Per riprodurre un materiale complesso e multiforme come il legno, oltre all’uso di macchine all’avanguardia e di strumenti computerizzati, è fondamentale l’esperienza diretta degli addetti ai lavori, chiamati a partecipare attivamente a tutte le fasi della lavorazione. In order to reproduce such a complex, multiform material as wood, as well as avant-garde machinery and computerised instruments, hands-on experience at all stages of the process is essential.

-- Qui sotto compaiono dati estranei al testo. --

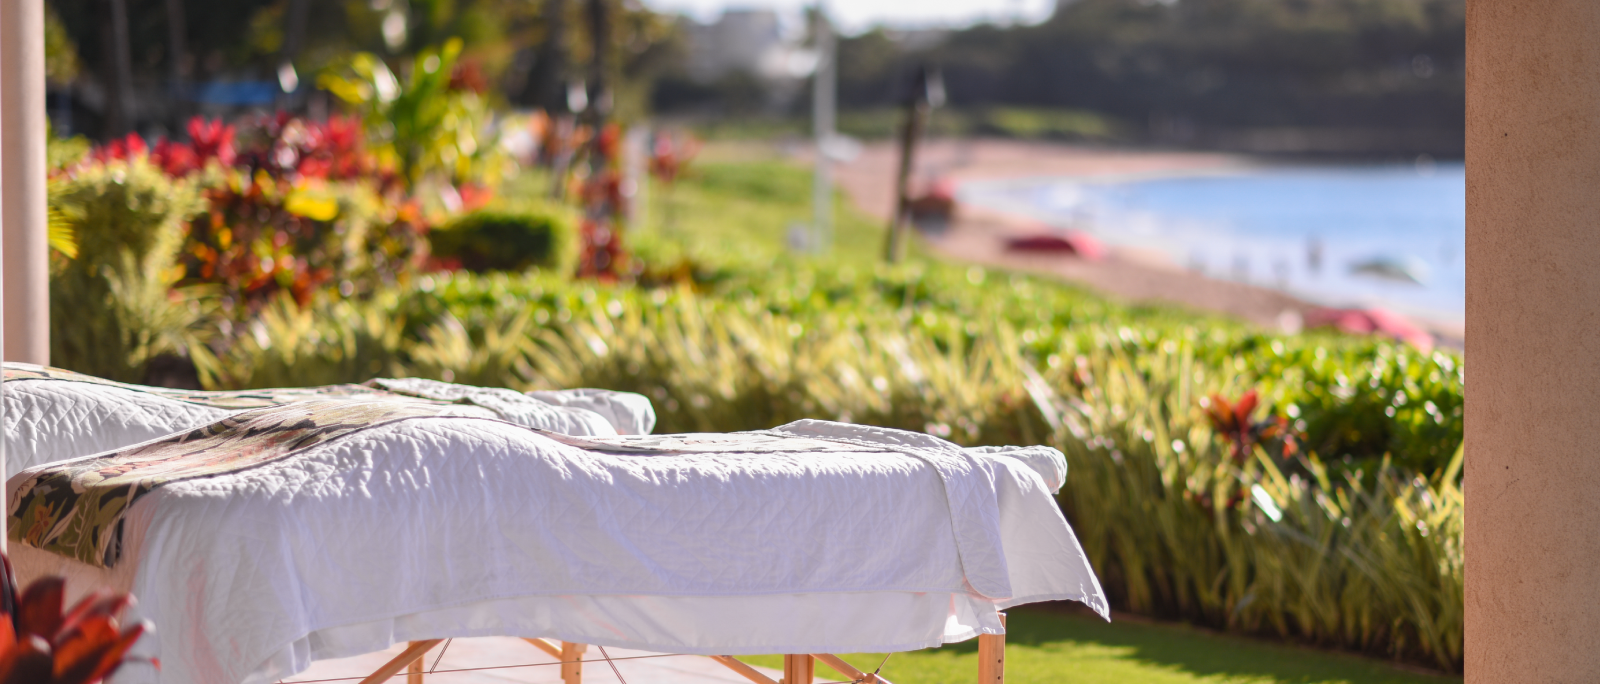 massage beds overlooking the beach

Come sono fatti i nostri mobili? Siamo sicuri di conoscere bene i materiali che ci circondano e il perché delle scelte costruttive? Ecco una realtà di cui pochi conoscono la storia, ma che appartiene a più del 70% dei prodotti d’arredo presenti nelle nostre case (porte, pavimenti e arredi). Si chiamano ‘superfici decorative’, ma si tratta di un consolidato processo produttivo capace di riprodurre, su carta o su plastica, un’immagine digitalizzata. La tecnologia nasce negli anni Cinquanta quando, in sostituzione dell’impiallacciato e del legno massiccio, per ridurre costi e spreco di materia prima, è nata l’esigenza di ricoprire le superfici di porte e pavimenti con una pellicola sottile di carta. “Abbiamo iniziato negli anni Sessanta”, afferma Dieter Baumanns, amministratore delegato di Bausch Decor e BauschLinnemann e presidente del consiglio direttivo e responsabile marketing, vendite e sviluppo di Süddekor GmbH, “quando, per essere alla moda, le persone verniciavano le porte di bianco. Il costo economico ed ecologico del legno impiallacciato era superfluo e stampando su carta si otteneva un risultato migliore”. Oggi il gruppo Surteco (acronimo di surface technology corporation) è diviso in due strategic business unit, carta e plastica, ed è leader globale nella produzione di bordature e tra le prime industrie nella creazione di superfici stampate. Conta circa 2.700 lavoratori con un fatturato annuo di circa 630 milioni di euro. “La copia è meglio dell’originale, creiamo oltre 150 motivi l’anno”, seppure la tecnologia possa generare infinite fantasie digitali, il valore dell’impresa risiede nella capacità storica della riproduzione di essenze naturali.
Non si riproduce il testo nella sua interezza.